Race, Ignorance, Racism

Not spending millions more to hire and train swarms of Internal Revenue Service agents to poke, audit, investigate and squeeze more tax dollars from wealthier Americans would be — you knew this was coming — racist

That’s the new argument for siccing the IRS on wealthier Americans; they’re more likely to be white than black.

“The federal government is losing billions in unpaid taxes,” informs a Washington Post headline, “in part due to racial disparities in the tax code.”

What racially based inequalities, precisely?

“The inequity rests on long-​established tax breaks that favor White Americans over Black Americans in three areas — marriage, homeownership and retirement, according to Dorothy A. Brown, an Emory University law professor,” writes Post columnist Joe Davidson. Because, for instance, “White people … are much more likely to be homeowners,” and more likely than blacks “to work for companies that offer tax favored retirement plans.”

Davidson offered no further discussion of marriage.

One can argue for or against hiring more IRS agents. (I’m against.) But to calculate the merits based on the skin color of the people most likely to be investigated is … racist.

Where does such skewed logic lead?

“The Virginia Department of Education (VDOE) is moving to eliminate all accelerated math options prior to 11th grade,” Fox News reports, “effectively keeping higher-​achieving students from advancing as they usually would in the school system.”

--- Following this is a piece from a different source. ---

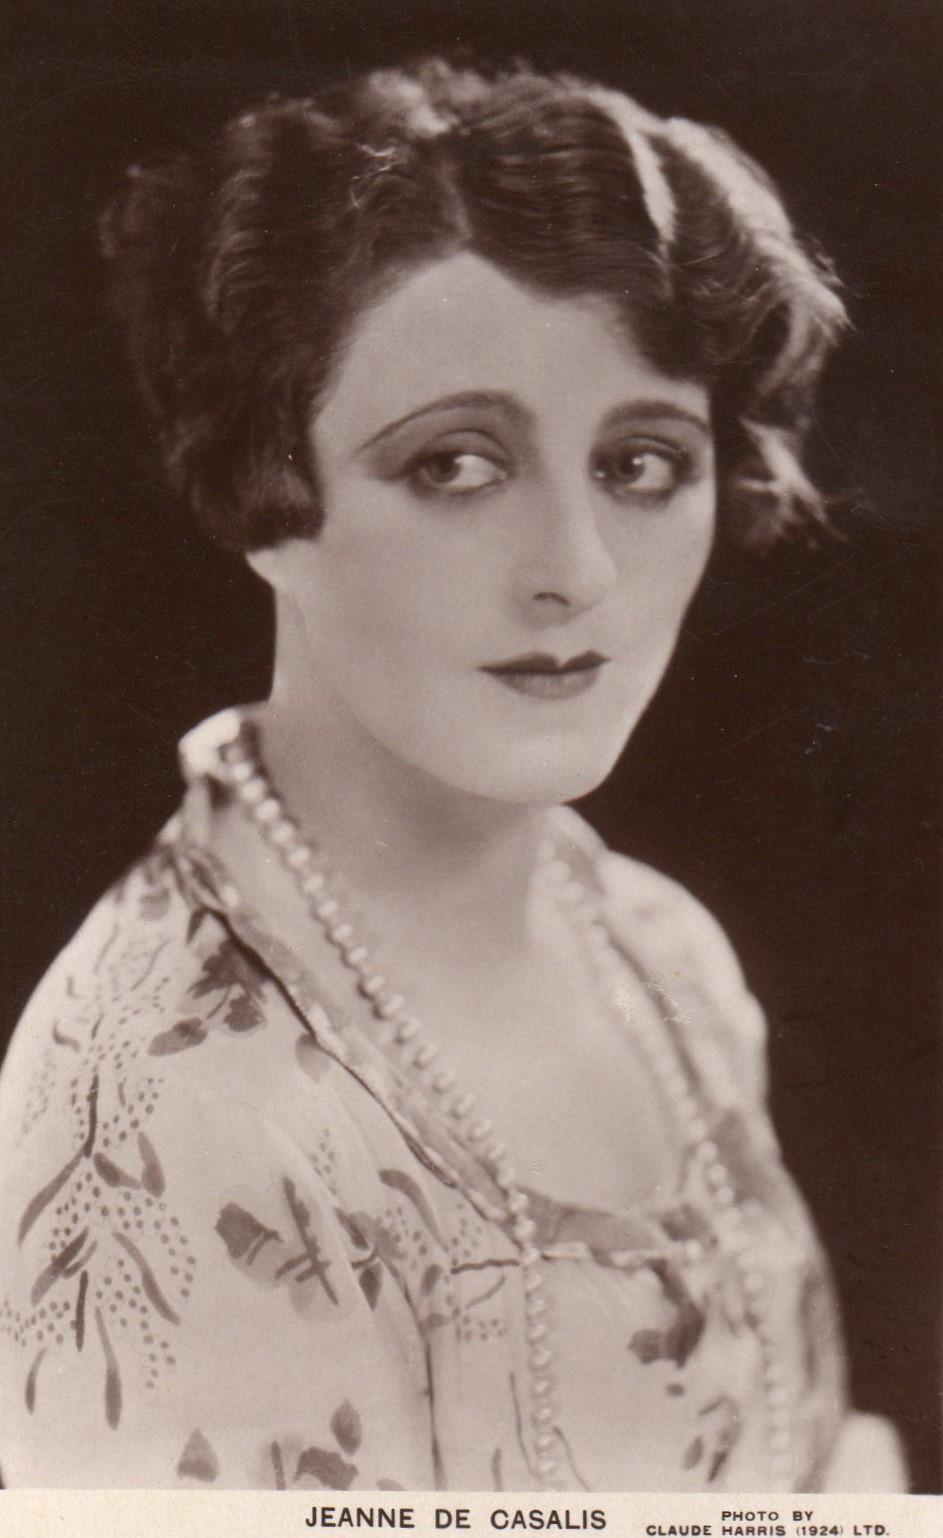 Jeanne de Casalis

This statewide policy designed to hurt so many individual students — and to help none — is predicated on closing a racial gap in math performance. By knee-​capping the higher performing students of all races.*

So which is worse? That it’s a human rights violation … or that it is so incredibly stupid?

This is Common Sense. I’m Paul Jacob. 


* As a candidate in this year’s Virginia House elections explained to The Federalist, the proposed statewide policy “is incredibly belittling, arrogant, and racist in assuming that children of color cannot reach advanced classes in math.”